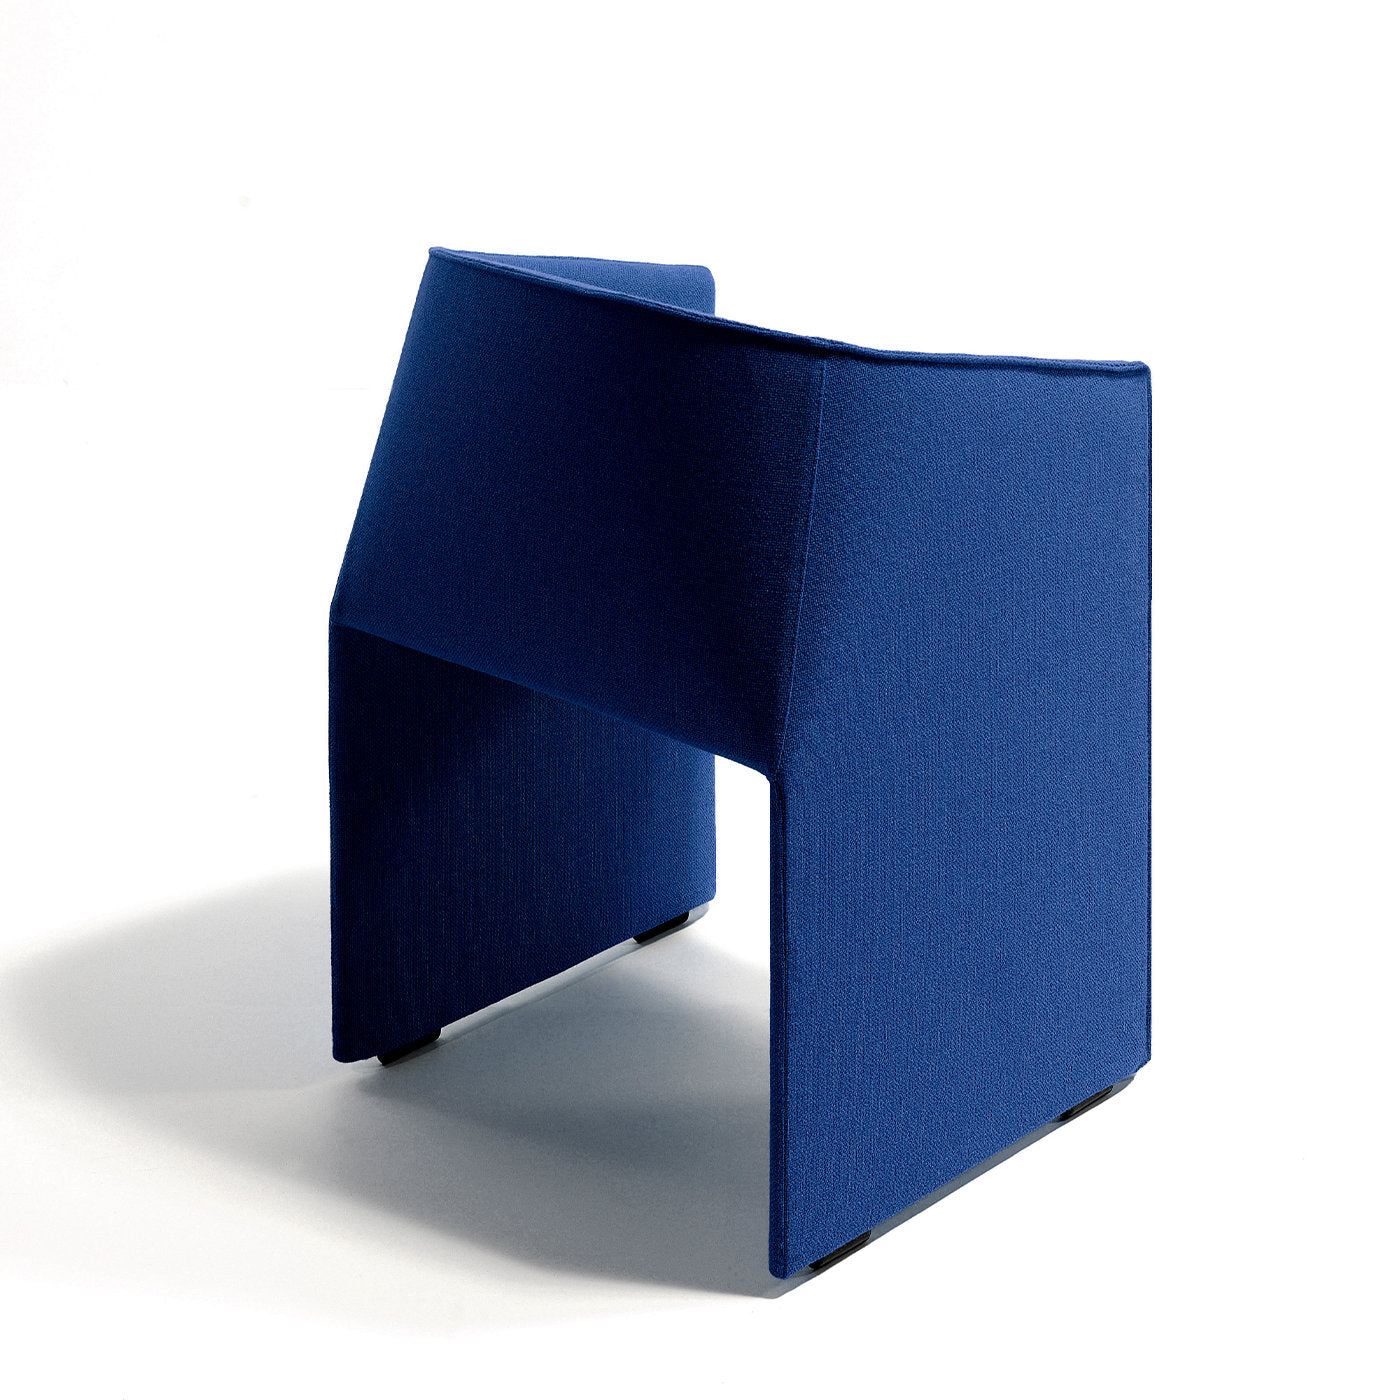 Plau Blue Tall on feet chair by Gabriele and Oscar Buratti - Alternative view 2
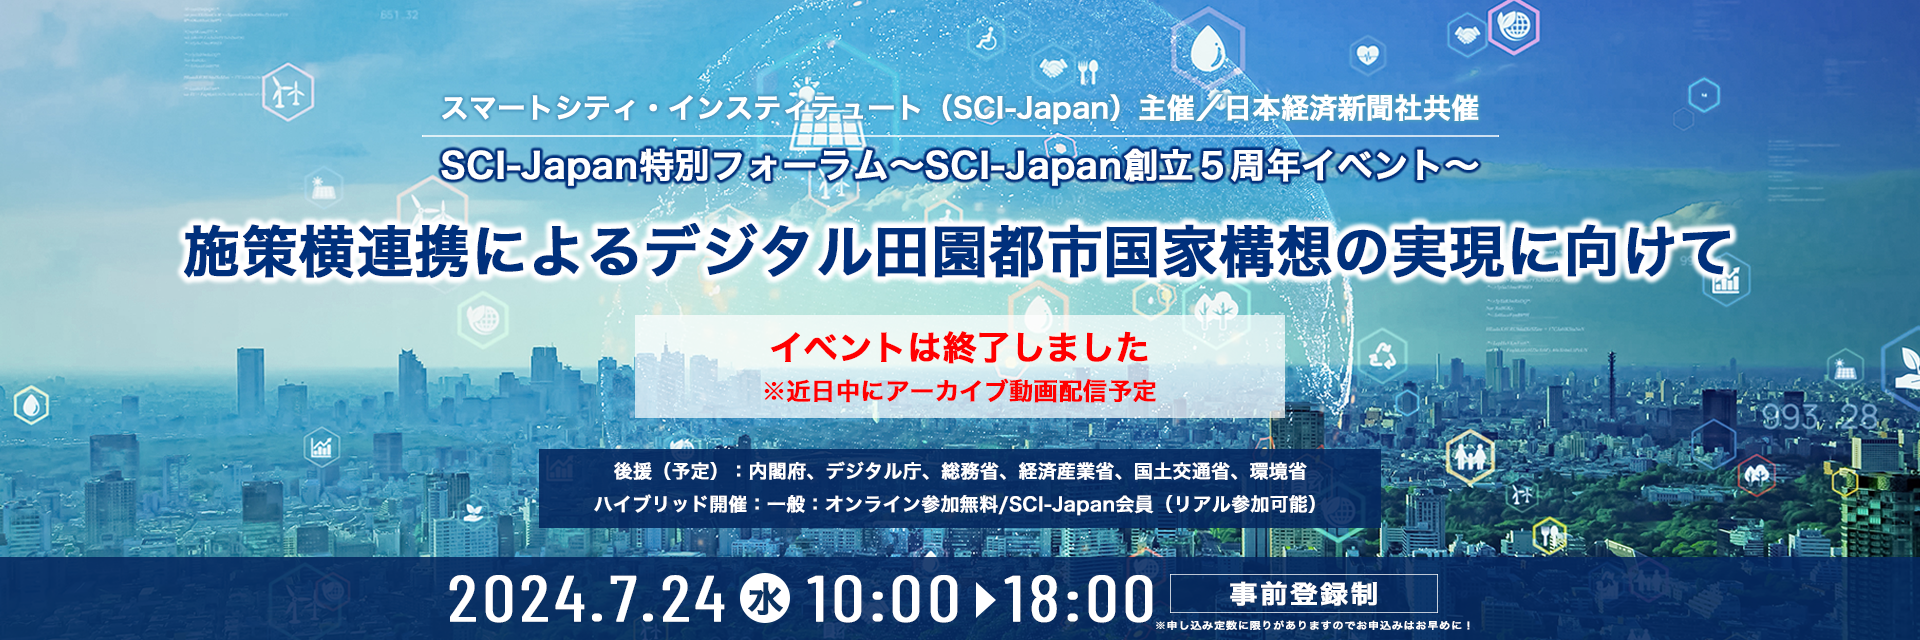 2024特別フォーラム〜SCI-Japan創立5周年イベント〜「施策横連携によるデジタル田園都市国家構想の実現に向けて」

==

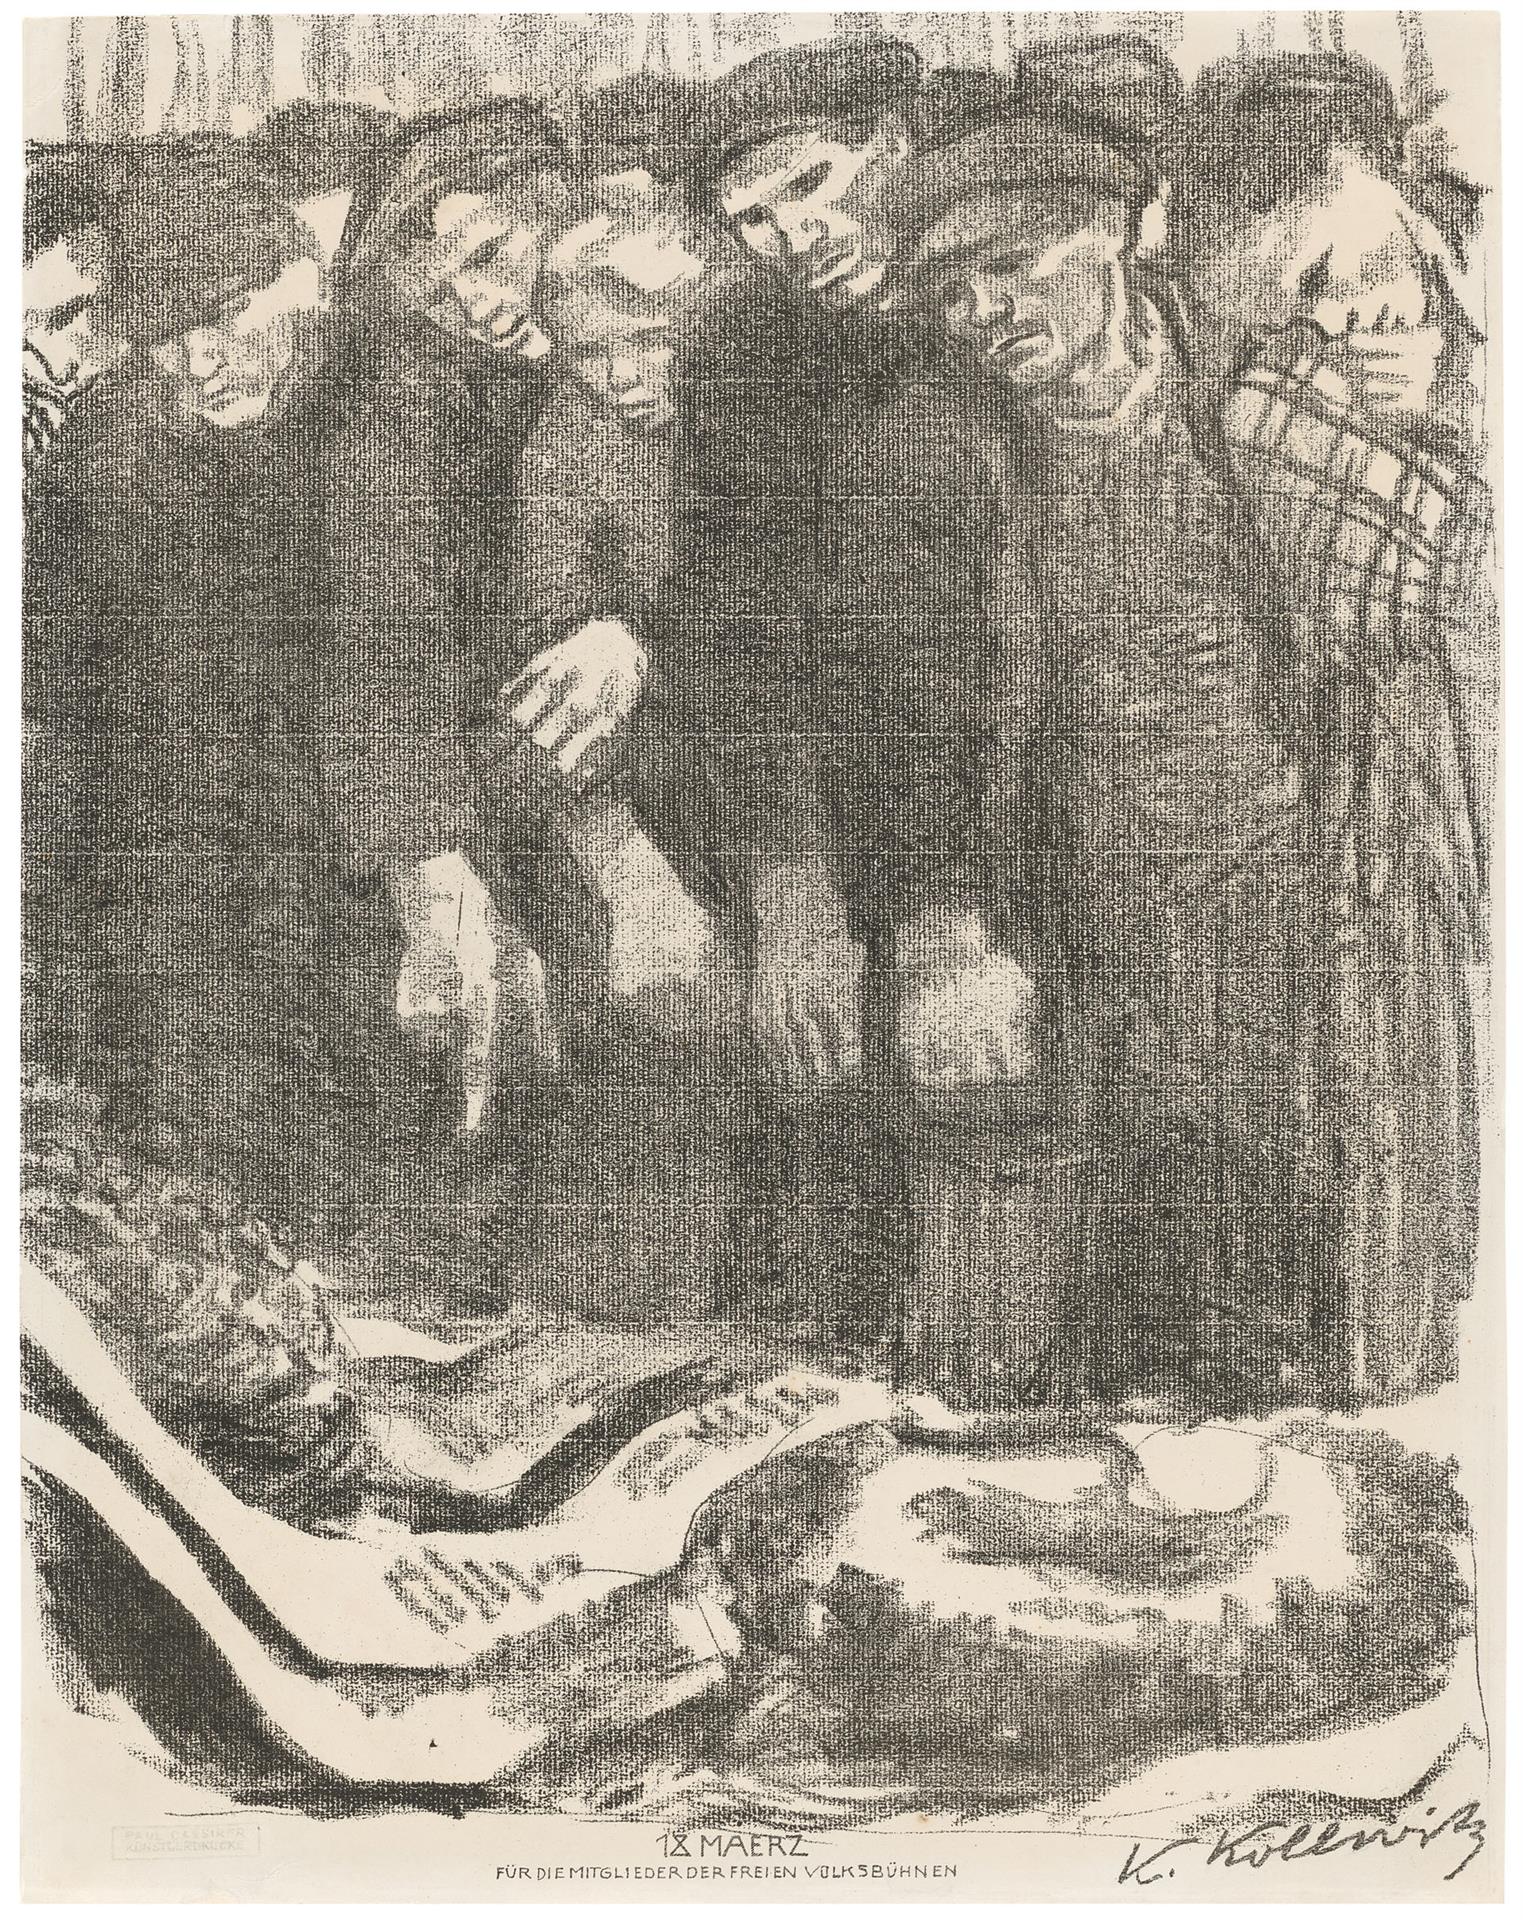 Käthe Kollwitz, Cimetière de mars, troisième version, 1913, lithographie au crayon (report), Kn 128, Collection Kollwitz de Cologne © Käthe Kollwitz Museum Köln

==

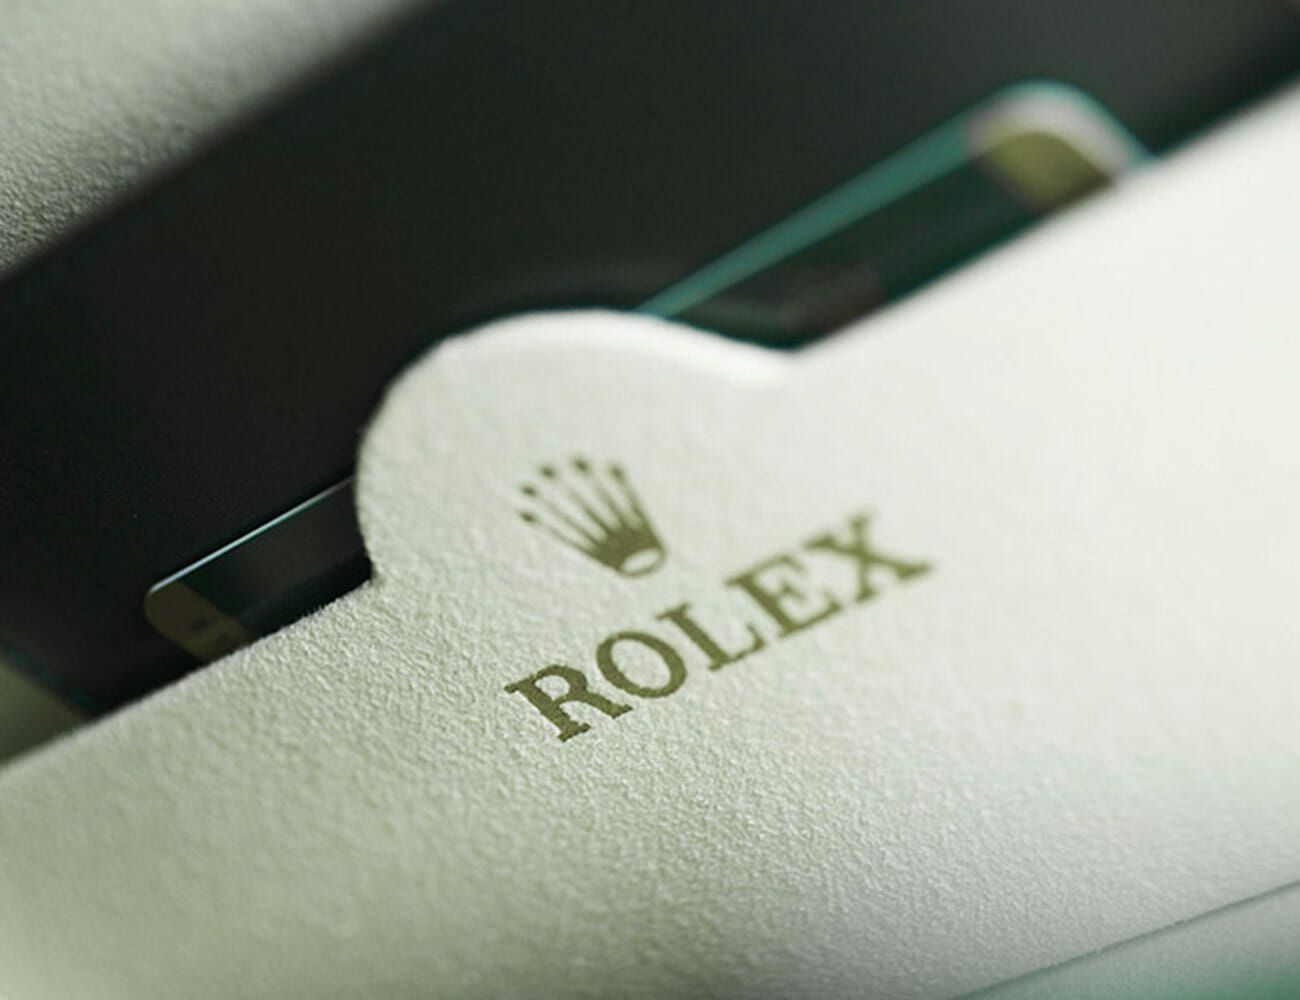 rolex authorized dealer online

§ **WHAT NEEDS TO BE DONE**
Write out word for word the lines above that run from the one with "Plau Blue Tall" to the one with "2024特別フォーラム〜SC". Include both end lines; exclude the images.

§ **ANSWER TO THIS EXERCISE**
 Plau Blue Tall on feet chair by Gabriele and Oscar Buratti - Alternative view 2
 2024特別フォーラム〜SCI-Japan創立5周年イベント〜「施策横連携によるデジタル田園都市国家構想の実現に向けて」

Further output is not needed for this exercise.